セッション

もちろんこれはフィクション。なので音楽教師の暴力的指導やハラスメントが観客に与える影響云々や、実際のジャズセッションにおける段取りにリアリティがない、というようなことは度外視する。だってそんなことを言い始めたら、いくらウデがあるドラマーだろうと数ヶ月のブランクがあるのに音合わせもせずにぶっつけ本番、なんてあり得ないし。
ということでこの映画の第一印象が「ジャンプのスポ根マンガ」というのは、ごくごく自然なこと。さらに師弟の関係としては、バレエ(『アラベスク』)やフィギュアスケート(『愛のアランフェス』)を題材とした少女マンガのそれに似ている。この映画の音楽教師と生徒の間に、恋愛にも似た感情があることを見いだすのは容易だろうし。

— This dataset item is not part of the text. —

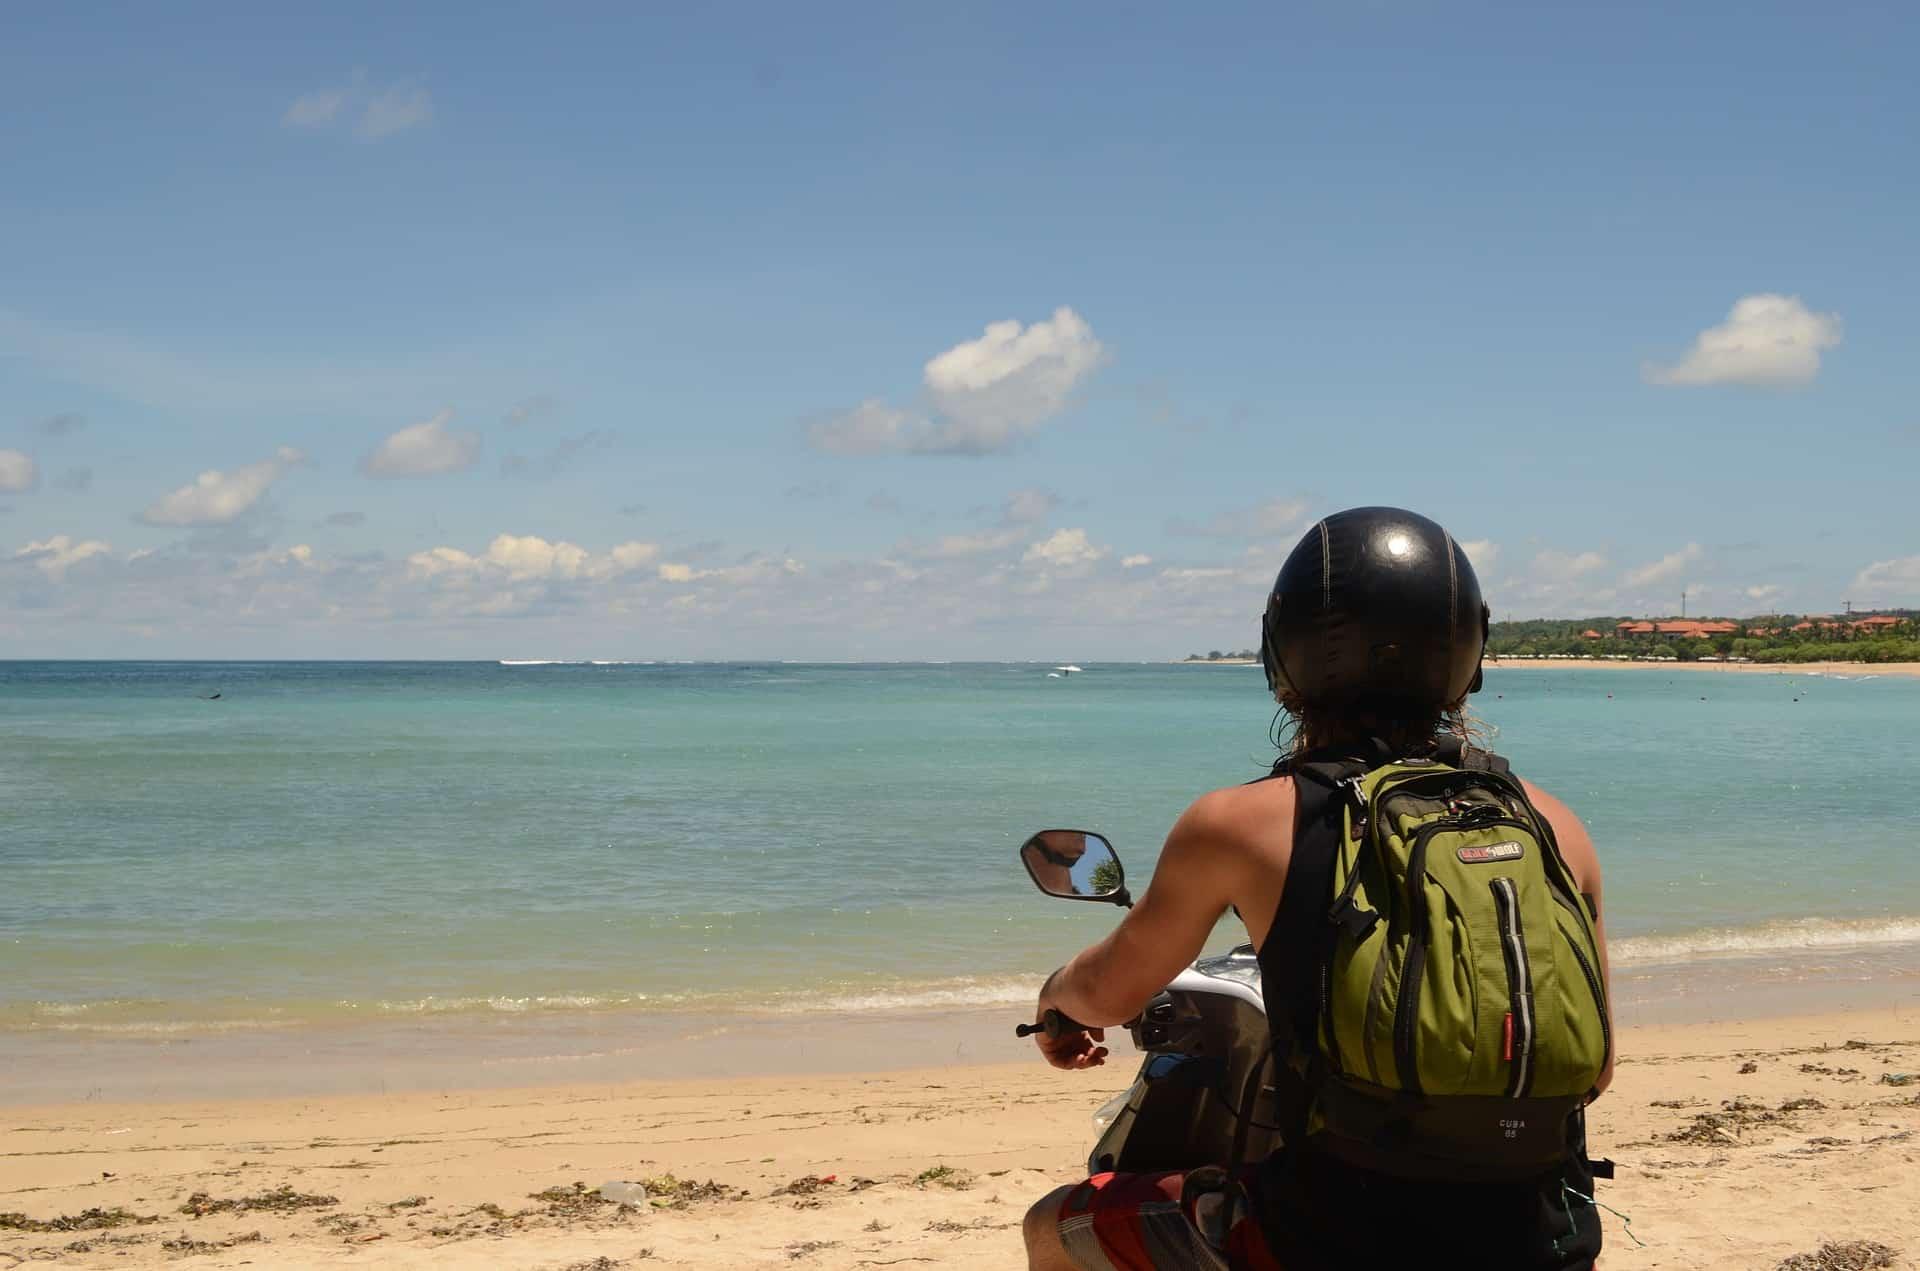 Last Minute Pauschalreise nach Bali oder eher als Backpacker

だから音楽的にどうのというよりは、スポ根+少女マンガという文脈でもって、リアリズムではなくかなりフィクション性の高い映画として観た。『侍ジャイアンツ』や『包丁人味平』のように、こんな展開アリエナーイと笑っていたところが、とことんまで突き詰められるとある種の凄みが沸いてくるという、絶妙のバランスの上に成り立っている映画であるともいえる。
突然サイコスリラーやメタフィクションに転じてもおかしくないよなーなどと思いながら観ていた。「いい映画」ではないかもしれないけど、「面白い映画」ではあった。